Identity data fragmentation is the condition where authoritative identity information is split across many systems that do not agree with one another. It weakens governance because reviews, dashboards, and audit evidence can no longer be trusted as a single source of truth.
Expanded Definition
Identity data fragmentation occurs when authoritative identity attributes, entitlements, lifecycle status, and ownership signals are scattered across directories, SaaS apps, ticketing systems, CI/CD tools, and secrets stores without reliable synchronization. In NHI security, that means one system may show a service account as active while another shows it disabled, rotated, or unowned. The problem is not simply duplication; it is disagreement about what is true. No single standard governs this yet, so usage in the industry is still evolving, but the operational impact is clear: fragmented identity data breaks governance, slows incident response, and undermines auditability. NIST’s NIST Cybersecurity Framework 2.0 emphasizes asset and access visibility as a prerequisite for control, which is exactly where fragmentation creates blind spots. NHIMG’s Ultimate Guide to NHIs treats visibility and lifecycle control as core governance requirements, not optional hygiene. The most common misapplication is assuming that multiple dashboards equal consolidated truth, which occurs when teams trust replicated records without reconciling authoritative sources.
Examples and Use Cases
Implementing identity data reconciliation rigorously often introduces operational overhead, requiring organisations to weigh stronger governance against slower change velocity and more integration work.
- A service account is decommissioned in IAM, but a CI/CD system still holds its API key and continues deploying with it.
- An access review shows no active owner for an application secret, yet the secrets manager and cloud account registry still list different custodians.
- A revoked certificate remains trusted in one environment because certificate inventory, PKI logs, and application configuration were never reconciled.
- An offboarding workflow closes a ticket, but the downstream SaaS tenant never receives the revocation event, leaving standing access in place.
- Investigators compare evidence from 52 NHI Breaches Analysis with the NIST Cybersecurity Framework 2.0 to trace where identity records diverged during compromise or response.
These examples show why fragmentation is especially dangerous for NHIs: machine identities move faster than manual governance processes can track, so stale records accumulate unless ownership, rotation, and revocation data are continuously reconciled.
Why It Matters in NHI Security
Fragmented identity data makes it impossible to answer basic security questions with confidence: who owns this identity, where is it used, what privileges does it still have, and whether it has been revoked everywhere. That uncertainty directly increases the likelihood of excessive privilege, orphaned access, and failed offboarding. NHIMG reports that only 5.7% of organisations have full visibility into their service accounts in the Ultimate Guide to NHIs – Key Research and Survey Results, which shows how often identity truth is already incomplete at baseline. In practice, fragmentation also weakens evidence quality for audit and incident response because reports no longer reconcile across systems. It is closely related to the failures highlighted in the Top 10 NHI Issues, where visibility, rotation, and ownership gaps compound one another. Organisations typically encounter the consequence only after a breach, an expired credential outage, or a failed access review, at which point identity data fragmentation becomes operationally unavoidable to address.
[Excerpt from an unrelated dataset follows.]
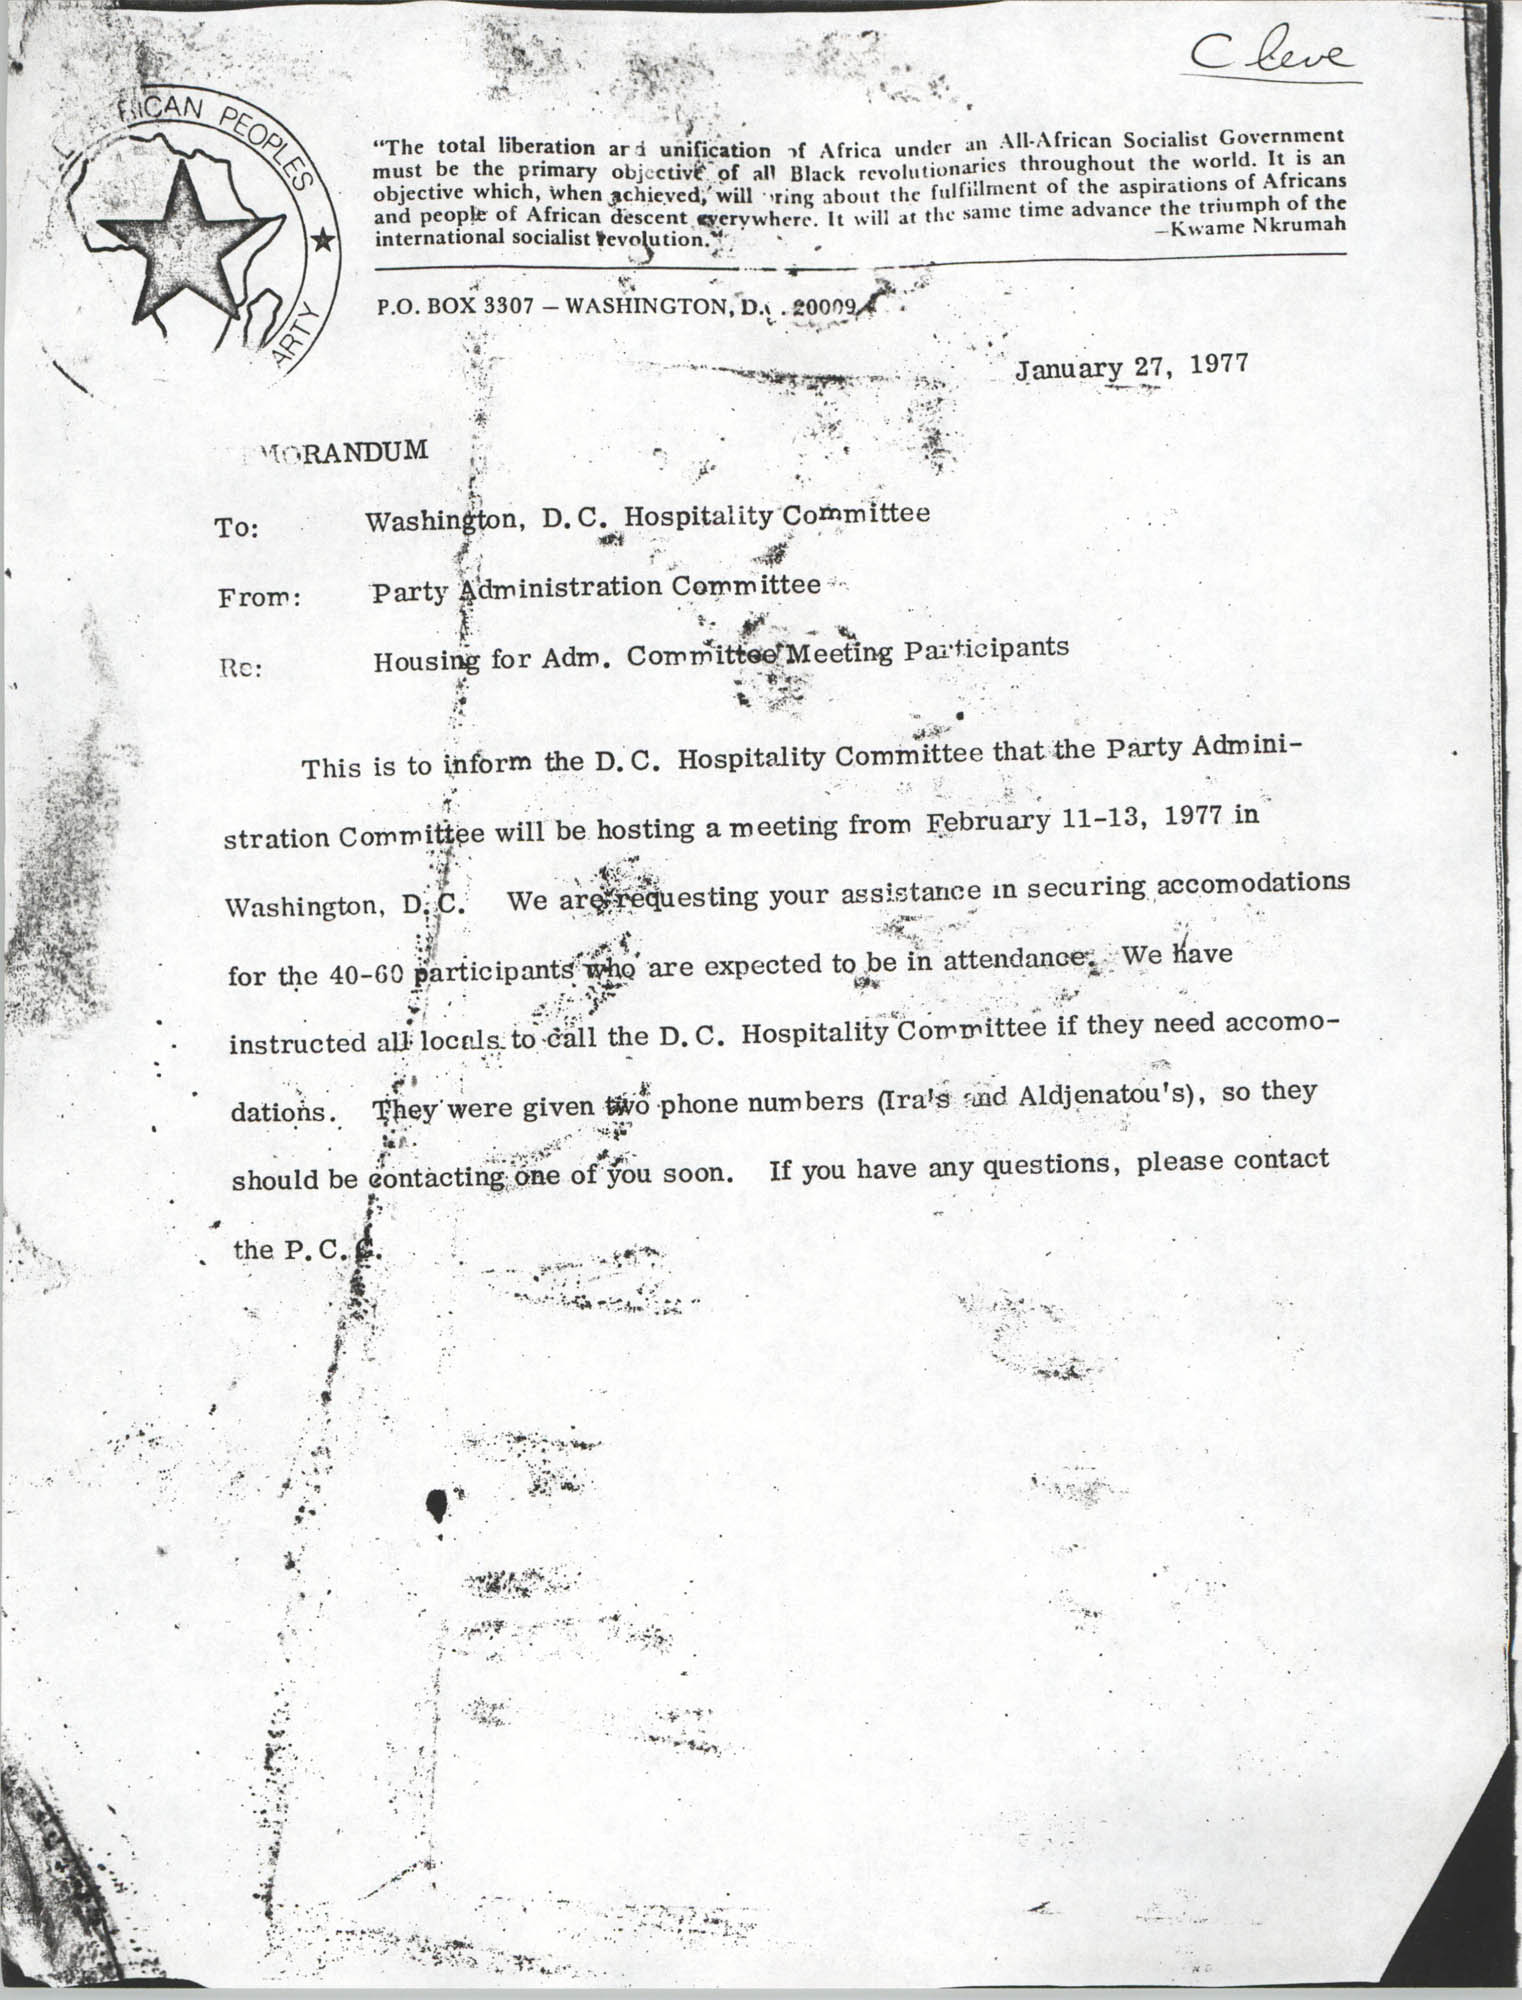 All African People's Revolutionary Party Memorandum, January 27, 1977
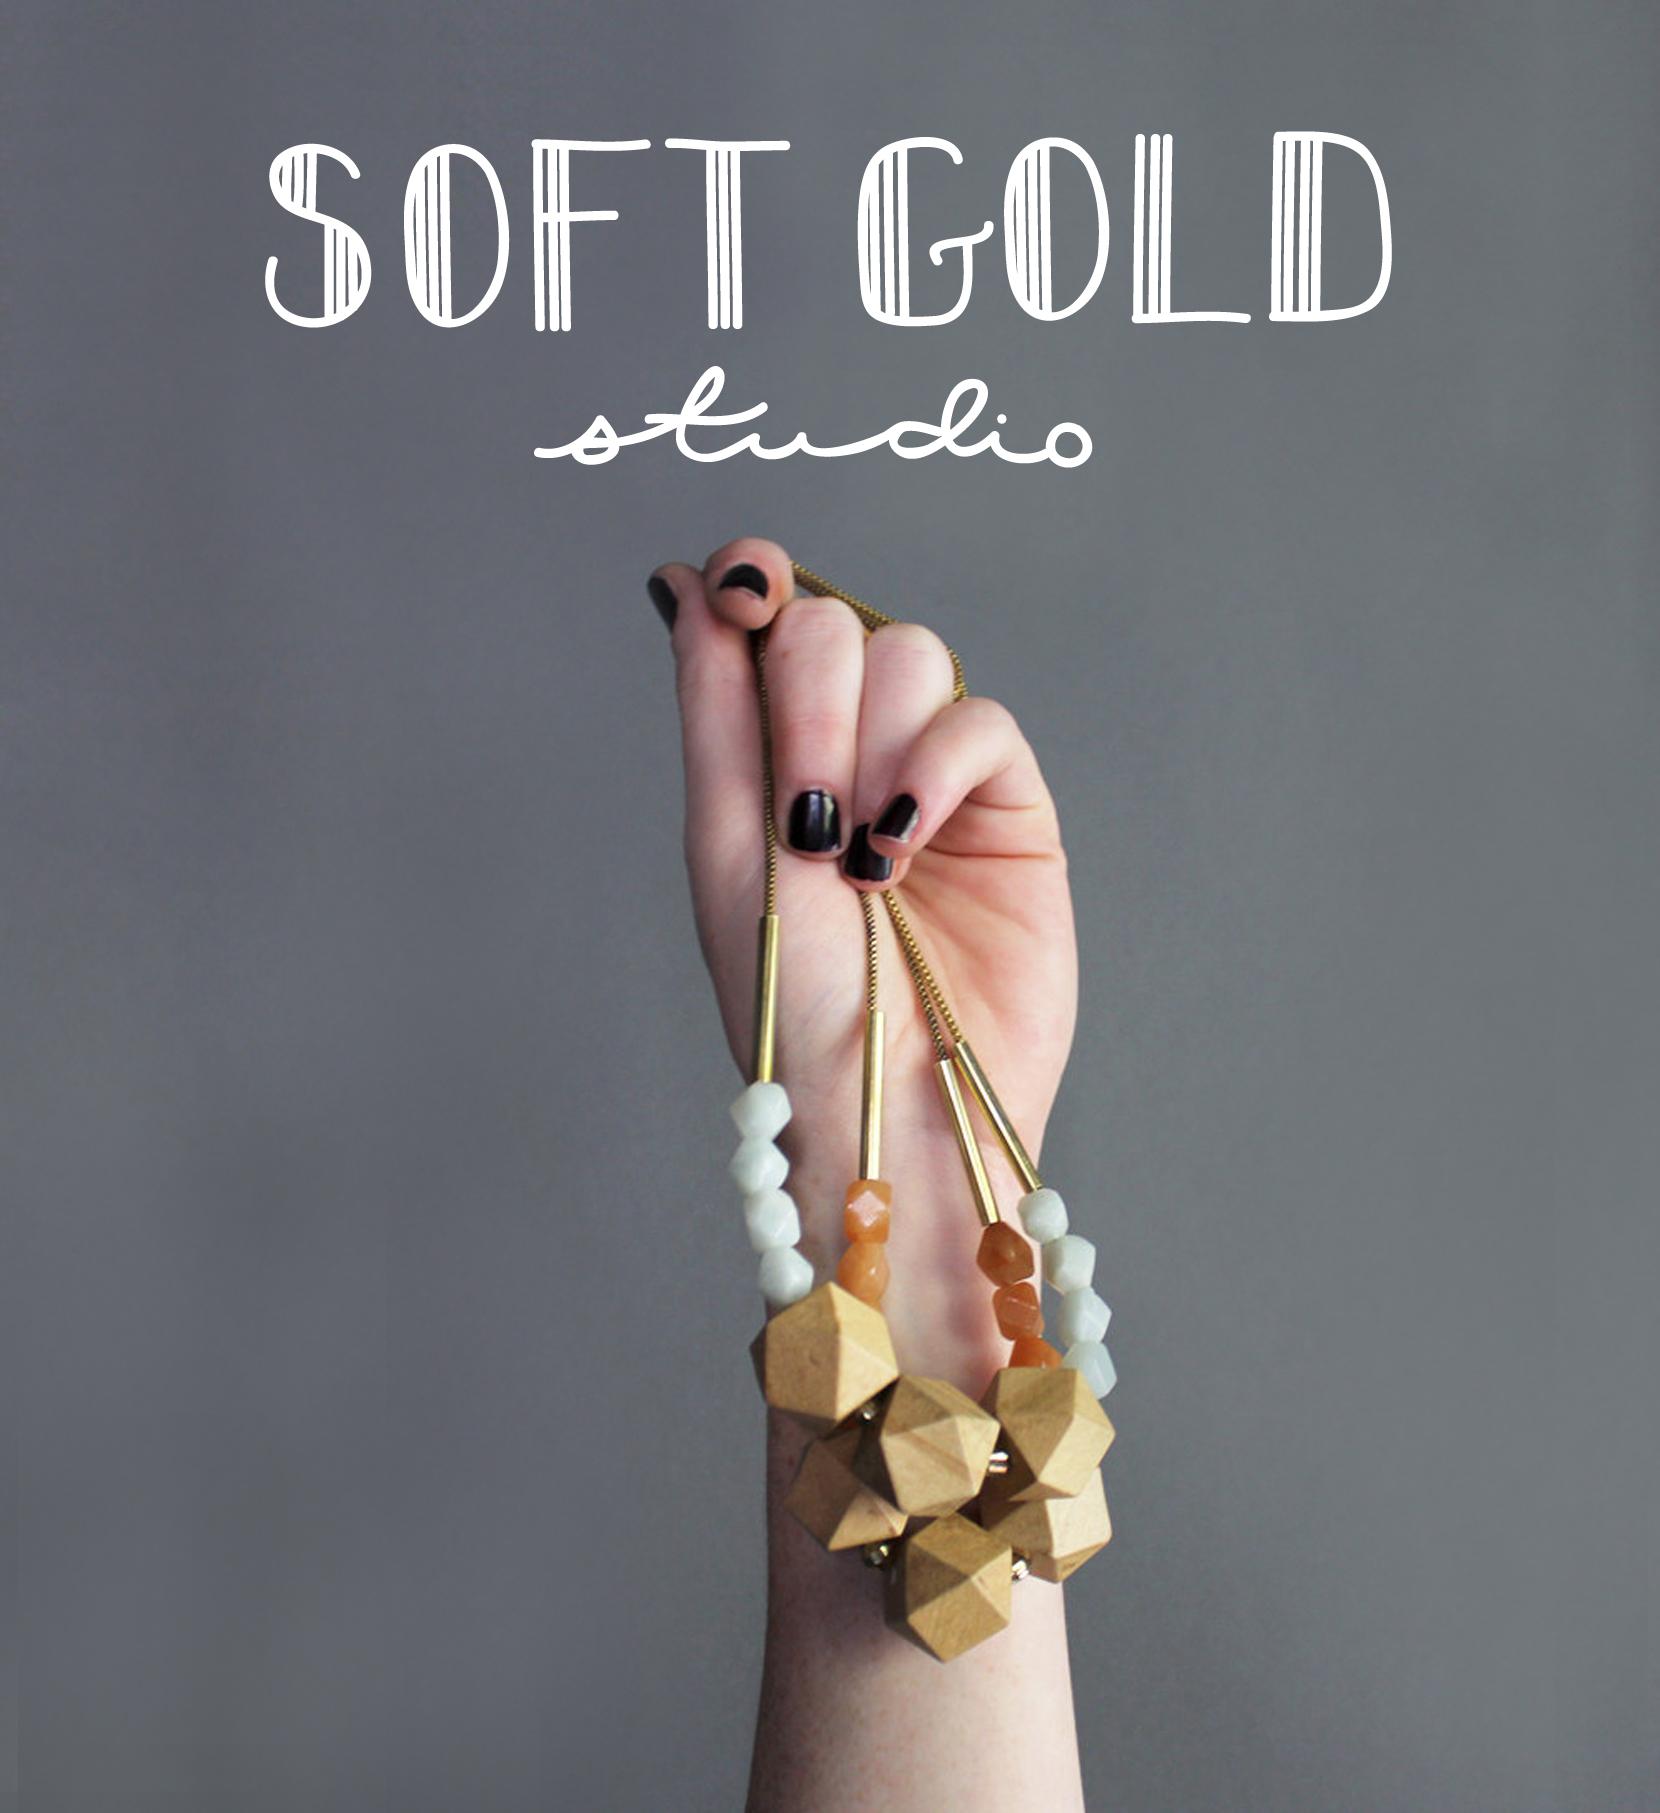 Soft Gold Studio  |  The Fresh Exchange

Standards & Framework Alignment
This section maps relevant standards and security frameworks to the operational risks and controls described in this guidance.
OWASP Non-Human Identity Top 10 address the attack and risk surface, while NIST CSF 2.0 and NIST Zero Trust (SP 800-207) set the governance and control requirements practitioners need to meet.
| Framework | Control / Reference | Relevance |
|---|---|---|
| OWASP Non-Human Identity Top 10 | NHI-01 | Identity sprawl and visibility gaps are core NHI governance failures. |
| NIST CSF 2.0 | PR.AA-01 | Requires identities and access rights to be managed and reviewed consistently. |
| NIST Zero Trust (SP 800-207) | SP 800-207 | Zero trust depends on reliable identity context and continuous verification. |
Centralise identity context before enforcing continuous, risk-based access decisions.